Hydraulic A-Frame on Ship with Polymer Bearings Provides Maximum Freedom of Movement

The Linkage System gives the A-Frame made by Ship & Yacht Engineering a 180-degree range of motion

Founded in 2000, Ship & Yacht Engineering Limited specializes in managing and implementing complex shipbuilding and marine technology projects. Its founder and CEO, Erik Hofmann, develops everything needed in shipbuilding, from ramps to cruise ships. While working with various shipping companies, he continually became aware of the disadvantages of A-Frames. He then developed an A-Frame with maintenance-free, self-lubricating pivot kinematics for a 180-degree motion radius: the Linkage System. To minimize maintenance and keep the kinematics bearing points free of lubrication, Hofmann uses iglide® plain bearings.

Hofmann's unique A-Frame stands in the port of Leer in East Frisia. At first glance, it is not unlike traditional A-Frames. However, closer examination reveals one crucial difference. Unlike other hydraulically operated A-Frames, this one has no external cylinders. This is the great advantage of Hofmann's innovation. The lifting system is tilted with the Linkage System. The cylinders and the unique pivot kinematics are installed in the A-Frame's structure, allowing a motion radius of 180 degrees.

"Conventional A-Frames have external hydraulic cylinders that severely restrict motion radius," Hofmann explains. "This makes operations such as hooking up a heavy pulley at sea complicated and dangerous for the crew."

A rope hoist provides A-Frames with a simple mechanism but also limits their motion radius. Designing an A-Frame with the largest possible range of motion requires great effort. Distances, the height of the rope, and the hoist structure all contribute to ensuring the largest possible radius.


Suitable for up to 20 tons of pivot load

The Ship & Yacht Engineering A-Frame has already been approved by the classification society and can lift loads of up to 20 tons, depending on pivoting angle. It is now being installed on a research vessel belonging to Fugro, the world's leading geodata specialist, where it will be used to place magnetometers into the water and pull them out again.
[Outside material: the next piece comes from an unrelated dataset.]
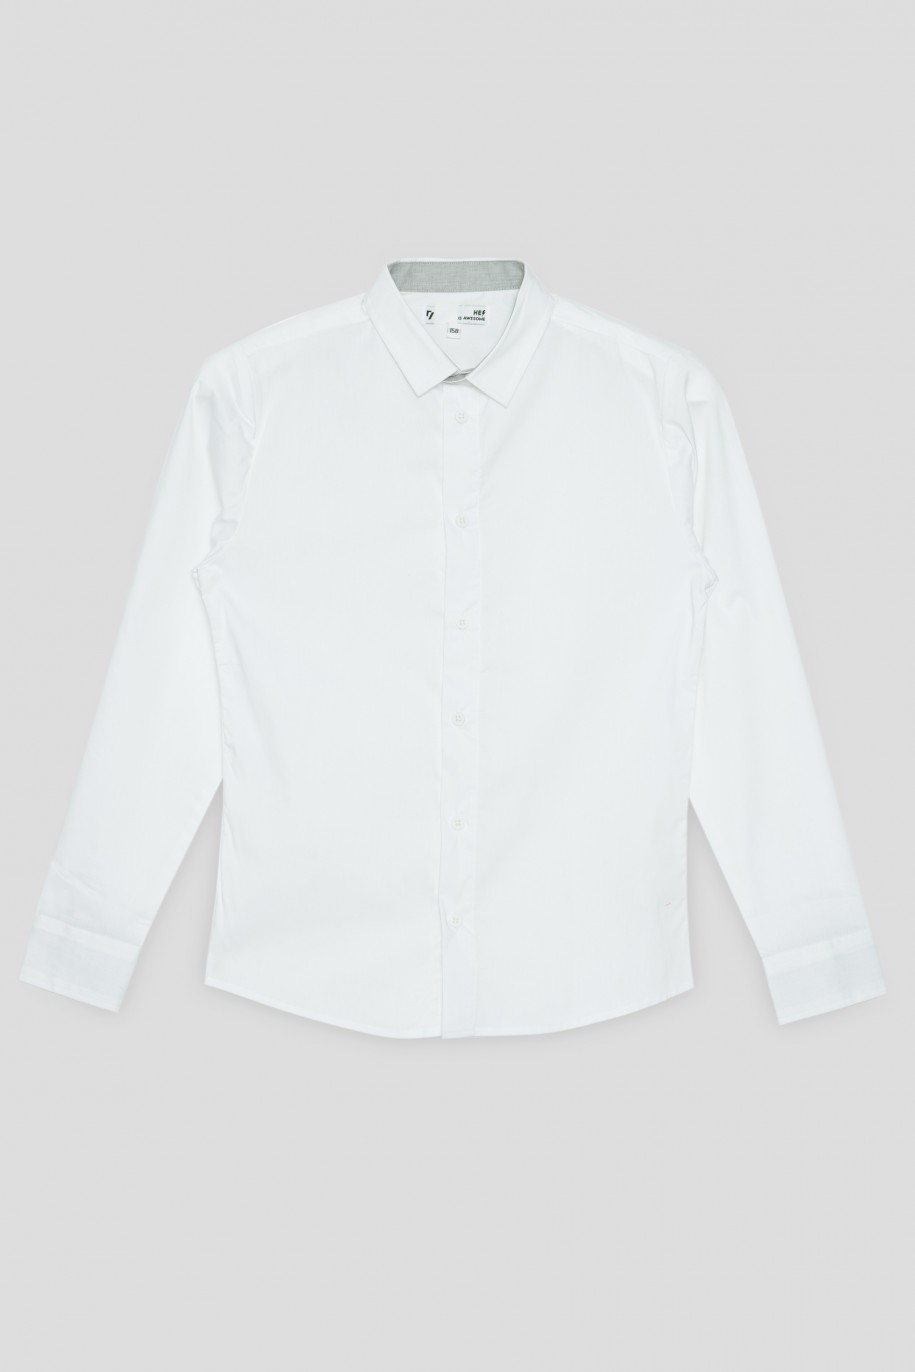 Klasyczna biała koszula dla chłopaka - 33861
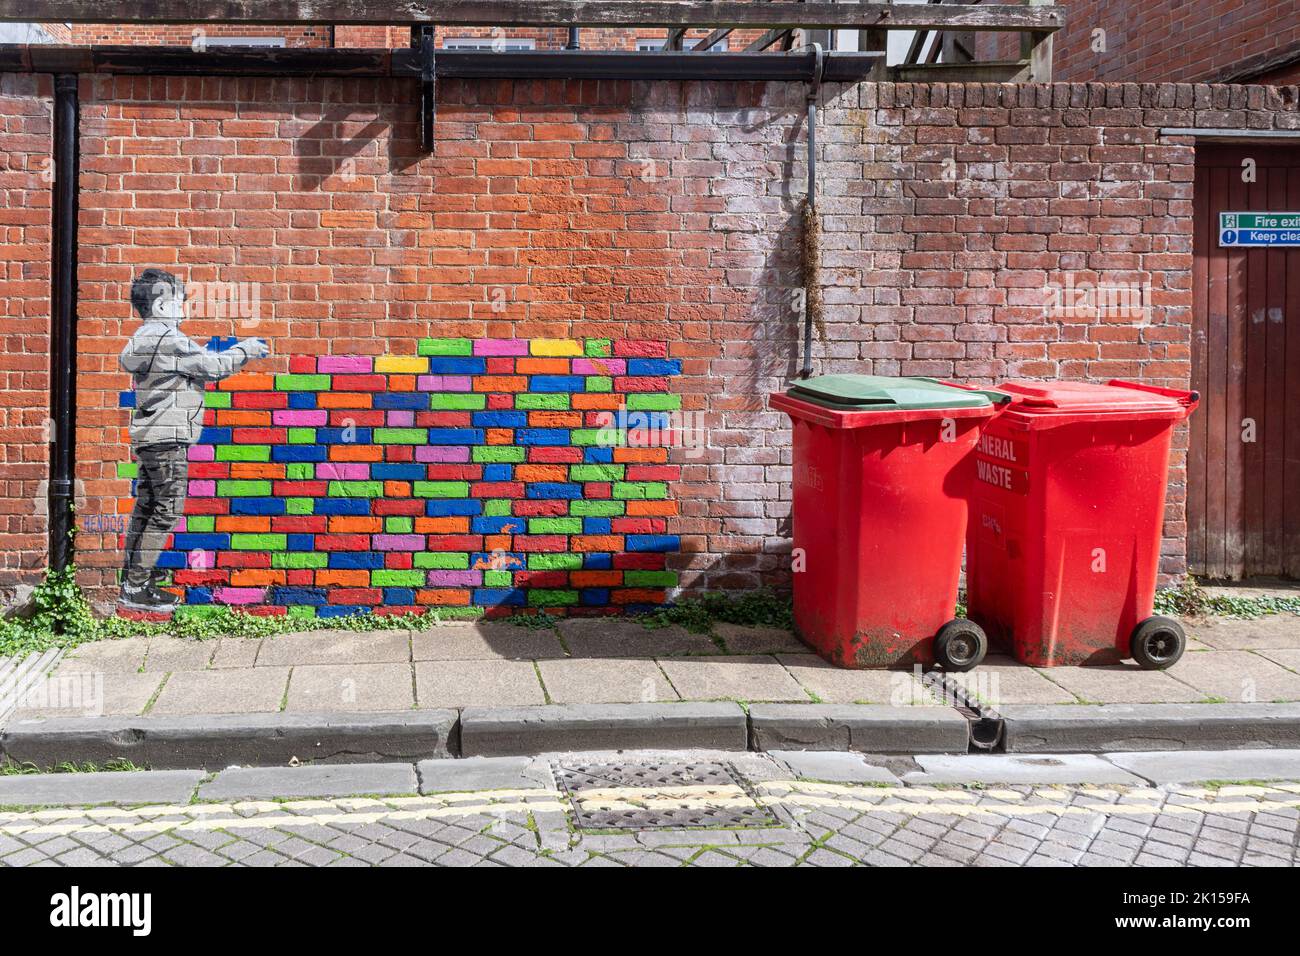 Murale Street art di Hendog, un artista anonimo, raffigurante un giovane ragazzo che costruisce un colorato muro di lego, a Winchester, Hampshire, Regno Unito, accanto ai bidoni. Foto Stock

To ensure that the pivot kinematics operates without problems on the high seas and under harsh weather conditions, Hofmann was looking for self-lubricating, maintenance-free plain bearings that were also cost-effective. He had previously used bronze bushings. However, as weather conditions constantly flushed grease out of the bearings, fresh grease must be continually applied to ensure sufficient lubrication and prevent corrosion.


Self-lubricating effect prevents a lack of lubrication

A recommendation made Hofmann aware of igus GmbH, a developer and manufacturer of self-lubricating, high-performance plastics in Cologne, Germany. The company's plain bearings made of the material iglide TX1 are now used in the A-Frame's pivot kinematics. The igus bearings minimize maintenance and require no lubrication, and have been developed explicitly for high-load applications.

"Our plain bearings incorporate a solid lubricant, enclosed in millions of tiny chambers within the material," explains Uwe Sund, Product Manager for iglide Heavy-Duty Bearings. "That way, sufficient lubricant is available to lubricate the bearing point. So, there is always lubrication."  

Since no additional lubricant is required, there is no need for manual lubrication or an automatic lubrication system. The suitable iglide plain bearing material for use in the A-Frame was already available. But the plain bearings were not - at least not in the dimensions Hofmann needed. So igus engineers manufactured bearings to Hofmann's specifications.

"My customers have fixed embarking times for their ships. So, I depend on components being available in a timely manner. Therefore, the great flexibility igus demonstrates is an important prerequisite for me," Hofmann states regarding cooperation. According to Hofmann, the plain bearing installation went smoothly. The bigger problem was the heavy sheets into which the iglide plain bearings had to be inserted.  

"It was not possible to lay down the components and press in the plain bearings." Hofmann explains that the bolts also had to be installed while the structure was standing. With a little patience, he managed to overcome this obstacle and assembled the Linkage System.


Special design enables small cylinders and low differential volume

The Linkage System has other advantages besides the great range of motion since it allows the use of small cylinders that are just 1.3 meters long and have a stroke length of 700 millimeters. The cylinders are located with the pivot kinematics in the A-Frame's frame. This protects them from mechanical damage.

The A-Frame feet can be closed with bellows. This protects the entire cylinder itself from the weather. It can even be heated for use in the Arctic. A-Frames of the size of Hofmann's model typically use large, heavy, expensive cylinders. If such an external cylinder is damaged – which can easily happen in the rough conditions on board – the consequences are serious.

"If your ship is docked in Namibia and you have to replace a six-meter cylinder, high transport costs are added to the significant cost of the cylinder," says Hofmann, who speaks from experience.

Cylinder size also plays an essential role at two other points. Large cylinders require lots of hydraulic oil to function and thus have a significant differential volume. Connecting the cylinders to the vessel's hydraulic system and pumping oil into them can limit the functionality of the vessel's other systems that require hydraulics.

The cylinders in the A-Frame with the Linkage System require just 25 liters of hydraulic oil. The differential volume is so small that the A-Frame can often be easily connected to a ship's hydraulic system. Hofmann sees a wide range of potential applications for his A-Frame and its use on research vessels such as those operated by Fugro. One example is oil drilling.

Mark McGwin